I've never liked corners. I hate the corners of pillow cases when I am trying to fold them. I have the round, elusive corners of fitted sheets. I am not a fan of being scared -- think walking around a corner and being scared. Or extremely loud cracks of thunder. I might be the only person on the planet that doesn't want a corner piece of cake.
And I definitely do not like the dusty, crusty corners in our house that need to be cleaned as we pack to move in a couple weeks. I am aware that we live in mild filth. For me, cleanliness of NOT next to godliness. Matching socks, twice weekly baths, and buffalo wings are next to godliness. Seriously, though, not the wings. If godliness is prayer and studying the Scriptures and trying to be like Christ, then being with my family and sleeping are as close to godliness as it get for me right now.
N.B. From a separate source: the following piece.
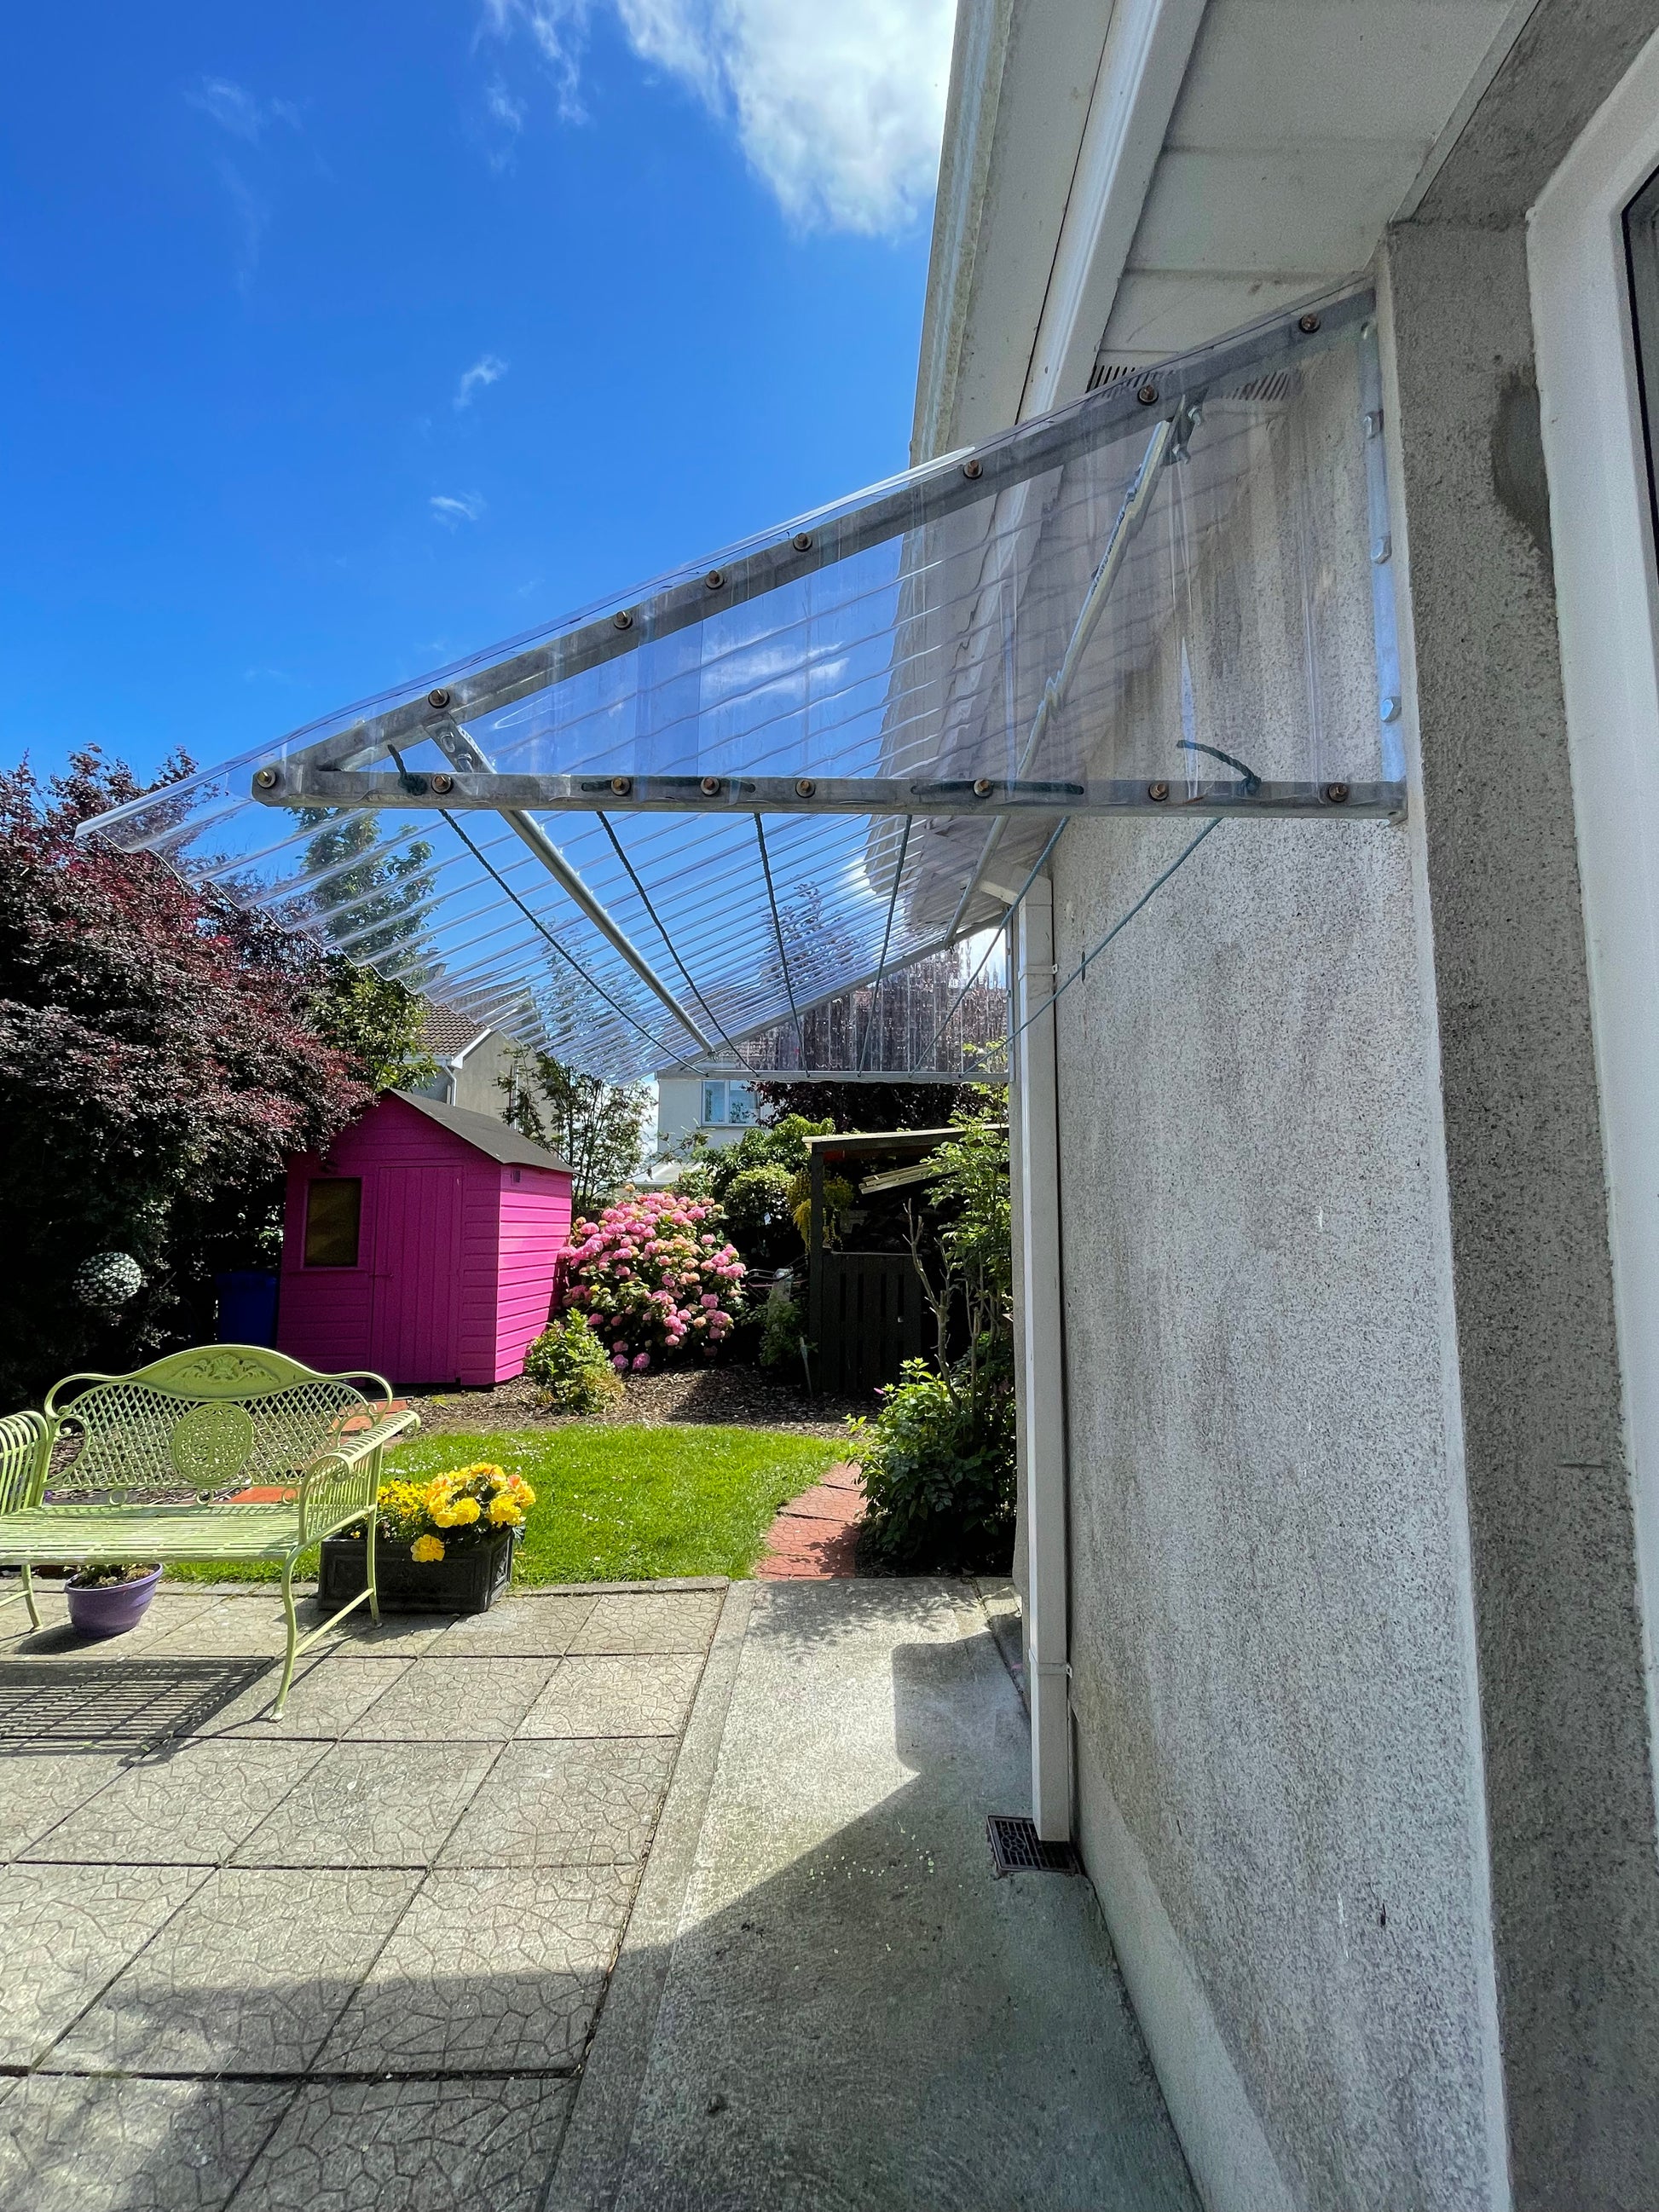 6ft canopy clothes line

I was challenged on Wednesday evening in a lesson on prayer that even those of us with young kids (read: people for whom personal time is a rare, nebulous, highly prized thing) need to carve out time for prayer. In this particular class we read many passages where Jesus prayed with or for or on behalf of people. If Christ can make a prayer his final, dying words, perhaps I can find some time while I am LIVING to be more consistent in prayer.
Just for the record, I do pray. Often. For my sanity. And lots of other
things, too! It's just that I don't have a specific time set aside where
I enter prepared to focus and listen and speak. I pray on the fly for
things that are urgent or for the random thoughts that pop into my head.
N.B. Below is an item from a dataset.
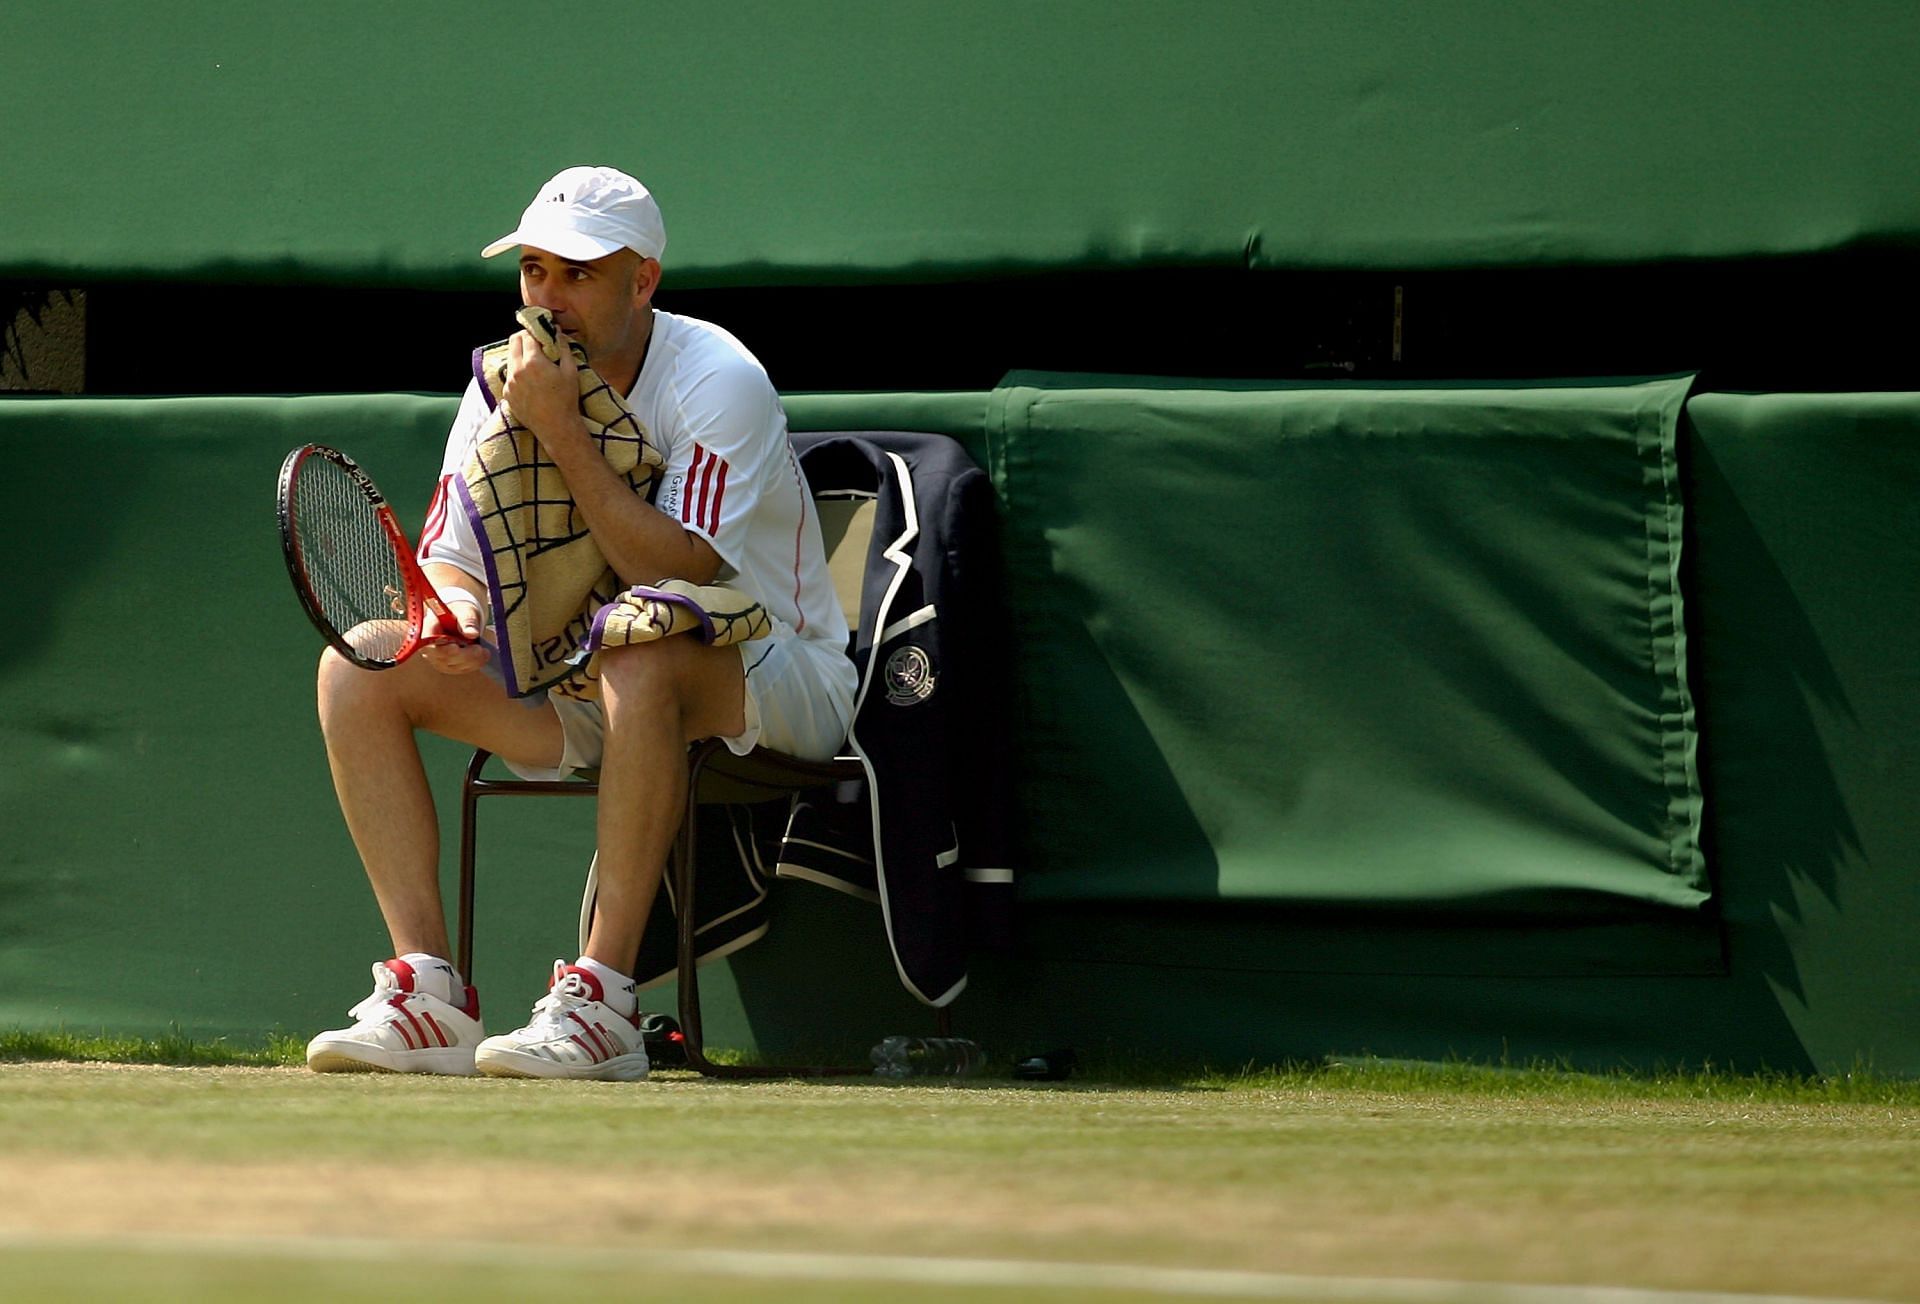 Andre Agassi at the 2006 Wimbledon Championships.

We pray while we are doing support raising work. We pray with the kids
when they are upset or anxious. I pray at small group or with someone having a hard time. I pray for those grieving.
So, I believe I was writing about cleaning and corners which somehow led to godliness and prayer. Makes perfect sense.
The thing about corners is that they can be dark, sharp, hidden and easy to avoid. Like the parts of our spiritual life we'd rather ignore.
My prayer life is a dusty corner I'd rather not deal with right now. I have a kid who wakes us between 6:00-6:30 in the morning. Right when I am entering REM sleep. EVERY. DAY.
Early morning doesn't seem like an option. But maybe it is.
Then the day begins. And both of my kids like to interact with us all day long. Weird. Wonderful. But I haven't figured out how to create/maintain/enforce solitude.
Our move is a transition ripe with possibility, though. New habits. New routines. New, new, new. I have some ideas for creating a space for solitude in my day. The challenge is doing that now, before we move. For the next two weeks I will venture into this dusty corner and see what the Lord will do. I make no promises. I'll keep doing my crazy-mom-life praying but I am seeking each day to pray on purpose.